Utilisation of peatland reduces emissions compared with coal

According to VTT Technical Research Centre of Finland, utilisation of peatland in energy production causes lower greenhouse gas emissions than the use of coal, providing the area is subsequently used for long-term production of renewable energy after peat production. Utilising new technologies is another important way of reducing the greenhouse impact of peat. Thanks to their improved efficiency, new peat production methods were found to reduce the emissions of the production chain.
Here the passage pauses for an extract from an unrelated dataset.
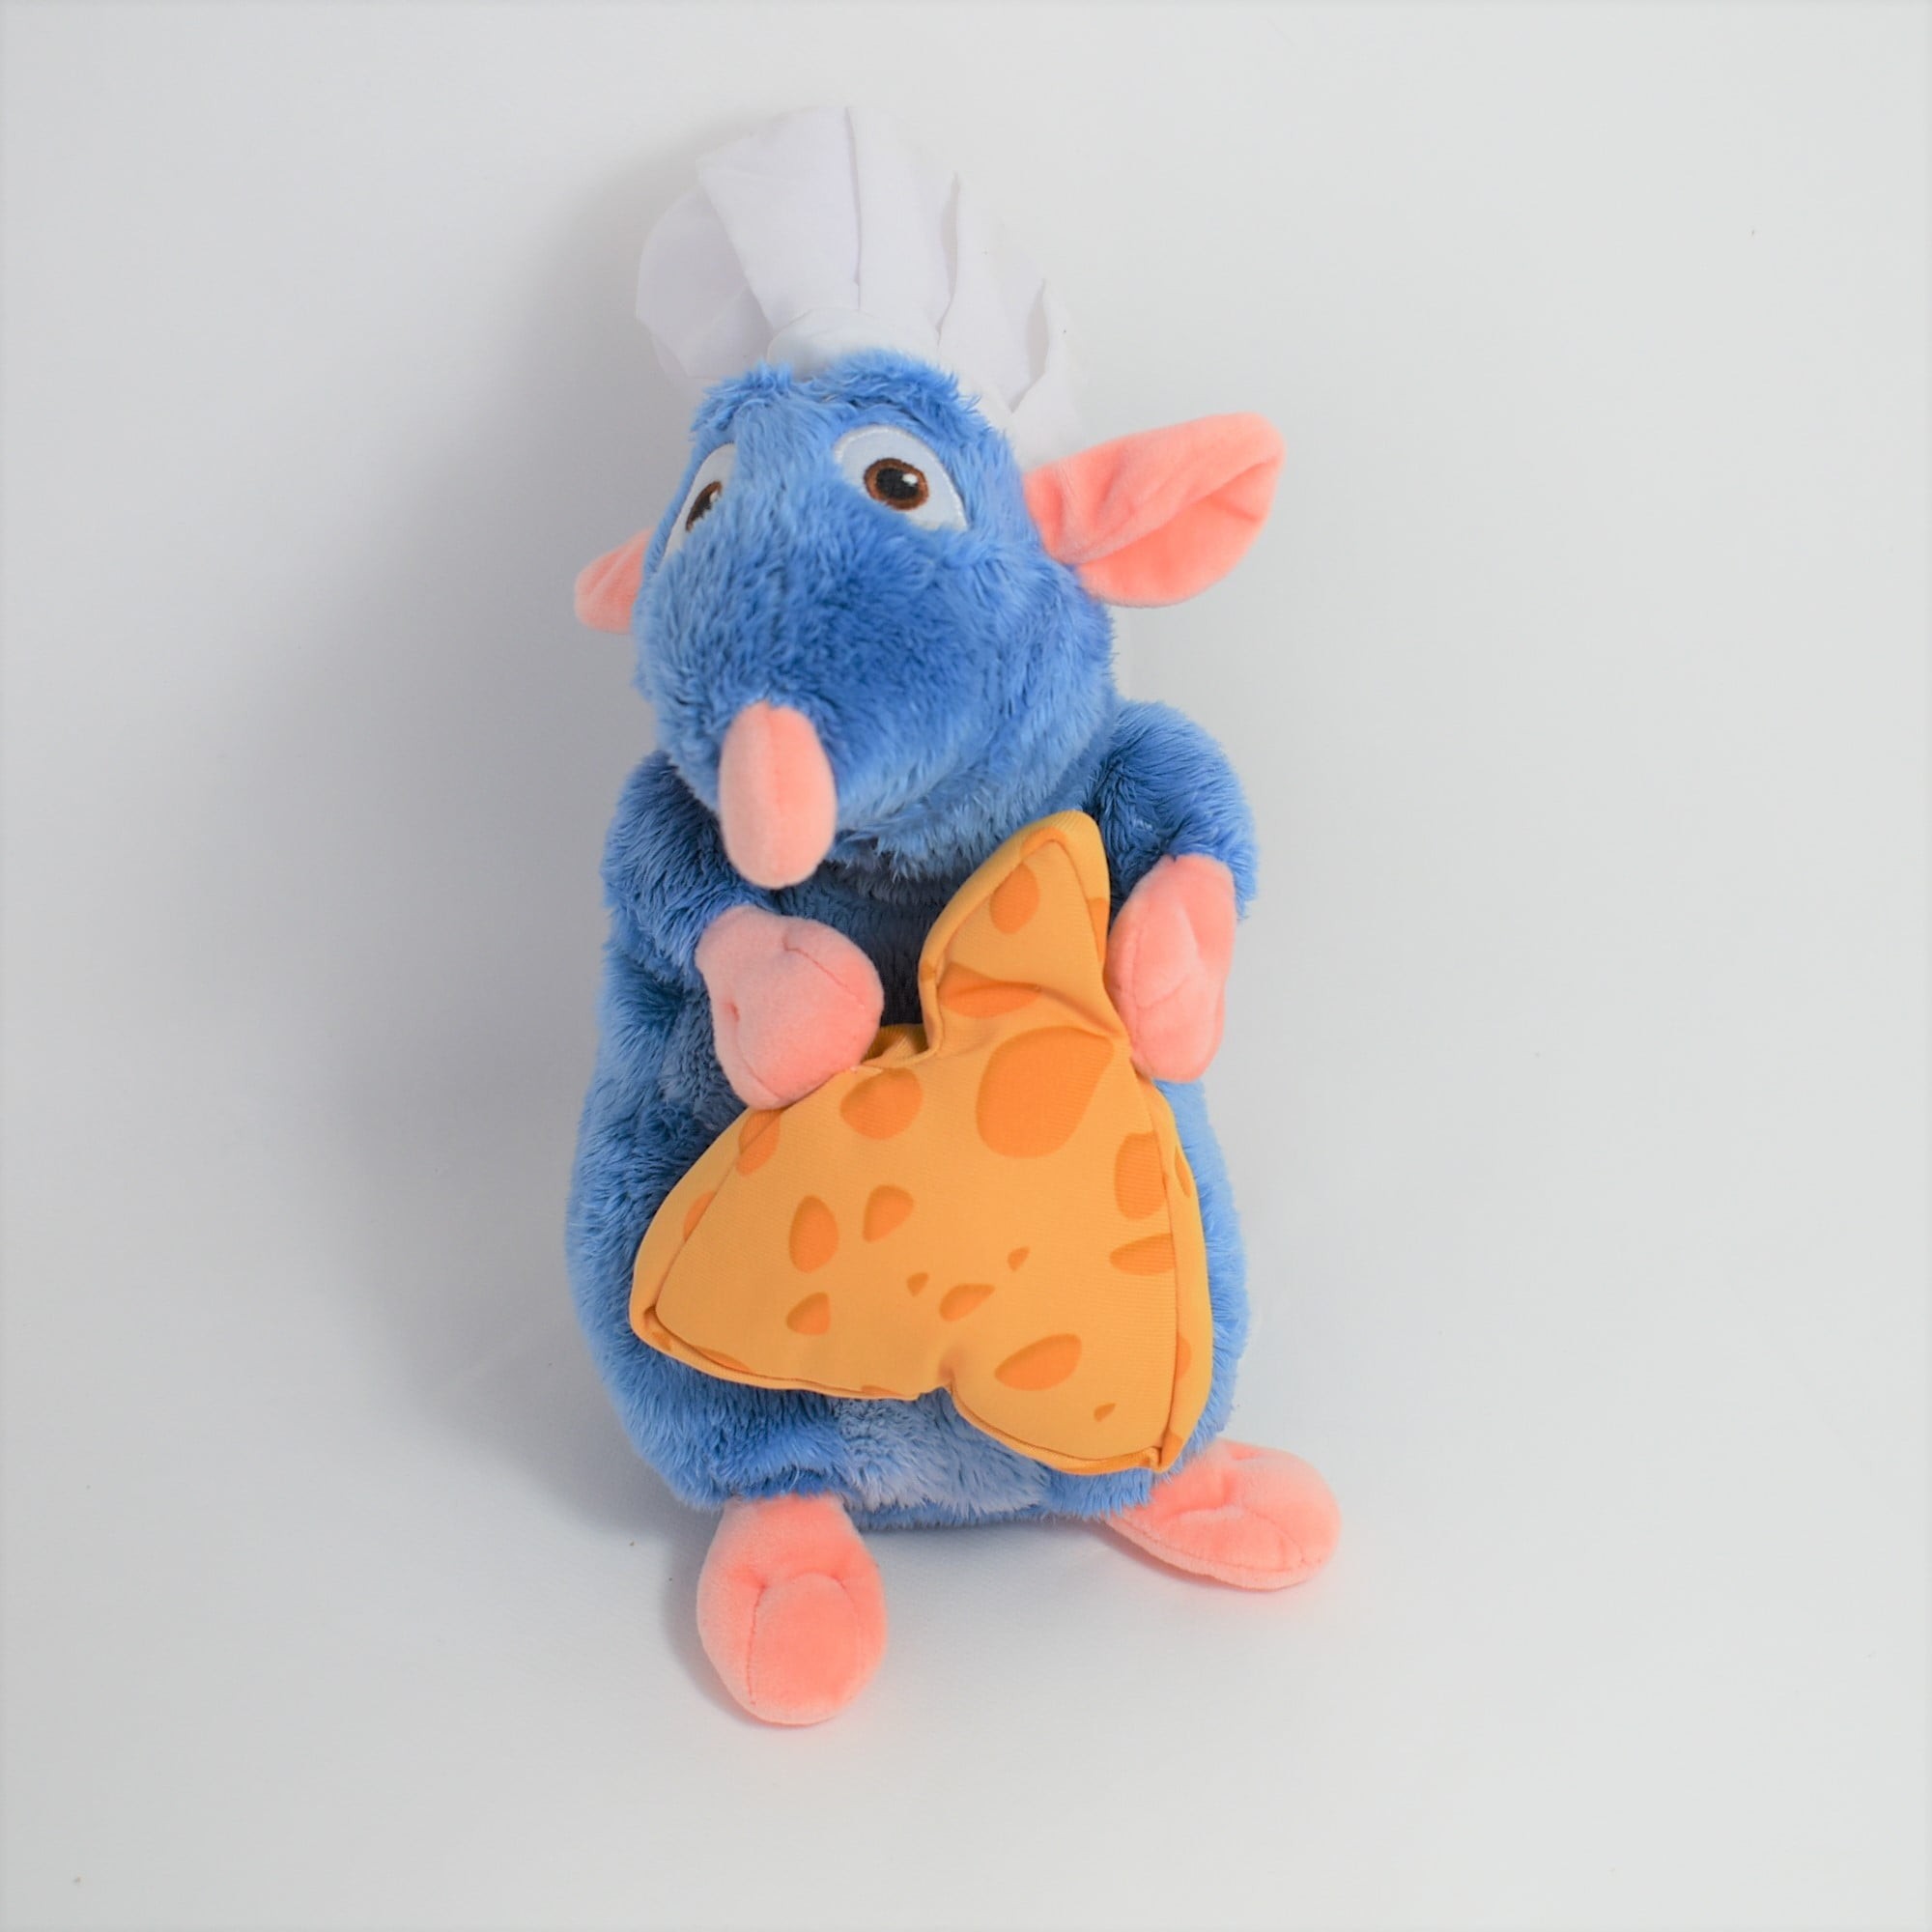 Peluche ratatouille Remy NICOTOY avec fromage bleu 25 cm - DisneySh
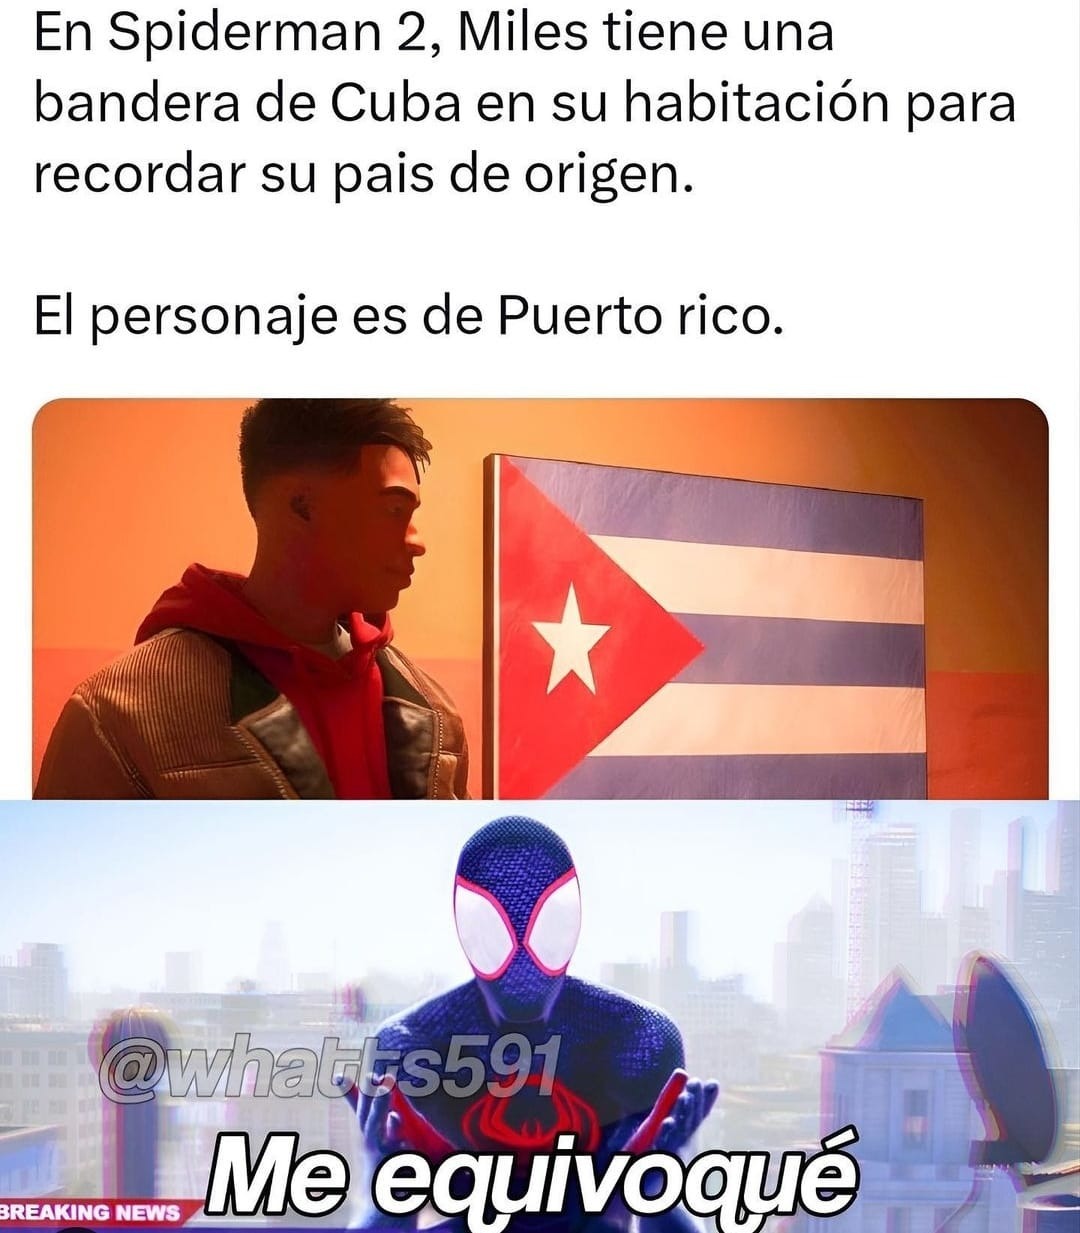 Pusieron la bandera de Cuba en vez de la de Puerto RIco en el Spiderman 2 - meme

VTT investigated the greenhouse impact of peatland utilisation from the land use point of view.

Compared with coal, utilisation of peatland in energy production will cause a lower climate impact within the 100-year horizon if the peatland is subsequently used for renewable energy production. The soil of cultivated peatland (cropland) and forestry-drained peatland is a source of emissions. According to VTT's research, these areas rather than natural peatland should be used for peat production.

This is particularly evident for cropland since the utilisation of such areas for energy production stops their considerable emissions. Furthermore, taking the utilisation of renewable energy produced in the after-treatment of peatland into account, the utilisation of forestry-drained peatland in energy production will cause a somewhat lower climate impact than coal within the 100-year horizon. Within a 300-year horizon, the greenhouse impact of peatland utilisation corresponds to 60–70 per cent of the impact of coal.

Furthermore, utilisation of cropland first for peat production and then either for afforestation or cultivation of reed canary grass causes a significantly lower climate impact than the utilisation of forestry-drained peatland or coal for energy. Cultivation of reed canary grass and afforestation are almost comparable options from the point of view of climate impact.

The calculations were based on the entire life cycle of peatland utilisation

The climate impact was assessed by radiative forcing. The entire life cycle of the peatland, from the production of fuel peat to after-treatment and the utilisation of the yield of after-treatment for energy production, was taken into account in the calculation. When calculating the climate impact, it is also important to consider the emissions and sinks of the peatland in its initial situation that will not be realised when the area is utilised for energy production.

New peat production method reduces emissions

New technological solutions play an important role in the mitigation of climate change. The new peat production method is considerably more efficient than the current milled peat method as it enables more accurate and efficient utilisation of peatland. After-treatment can also be initiated sooner than when using traditional methods.

Finland has considerable peat resources

Approximately one-third of Finland's land area consists of peatland; thus Finland has considerable peat resources. Peat accounts for some six per cent of our energy consumption. As an indigenous fuel, peat has an important impact on the self-sufficiency in energy production and as a source of employment in Finland. Peat also has excellent mixed fuel properties.

Slowly renewable biofuel

The major drawback associated with peat utilisation concerns greenhouse gas emissions. According to the updated classification instructions from the Intergovernmental Panel on Climate Change (IPCC), fuel peat is currently classified into a separate category of its own. In emissions calculation and trading, peat is considered equal to fossil fuels. In the Finnish National Climate Strategy, peat is classified as a slowly renewable biofuel.

The climate impact of peatland utilisation was also compared with the life-cycle impact of coal produced in Russia or Poland. The emissions caused by coal production were found to be quite similar in both countries. The climate impact of coal imported from Russia was estimated to be somewhat higher than that of coal imported from Poland. Because of the uncertainty of the initial data, the climate impact ranges were largely found to overlap.

The research investigating the climate impact of peatland utilisation for energy production from the land use point of view was funded by the Ministry of Trade and Industry, the Ministry of Forestry and Agriculture and the Ministry of the Environment. The research was based on the measurement data obtained from the research programme "The Greenhouse Impact of peat and Peatlands in Finland”, which was funded by the Ministries, and involved the participation of the Finnish Forest Research Institute (Metla) and the Universities of Helsinki, Kuopio and Joensuu, the Finnish Meteorological Institute and VTT.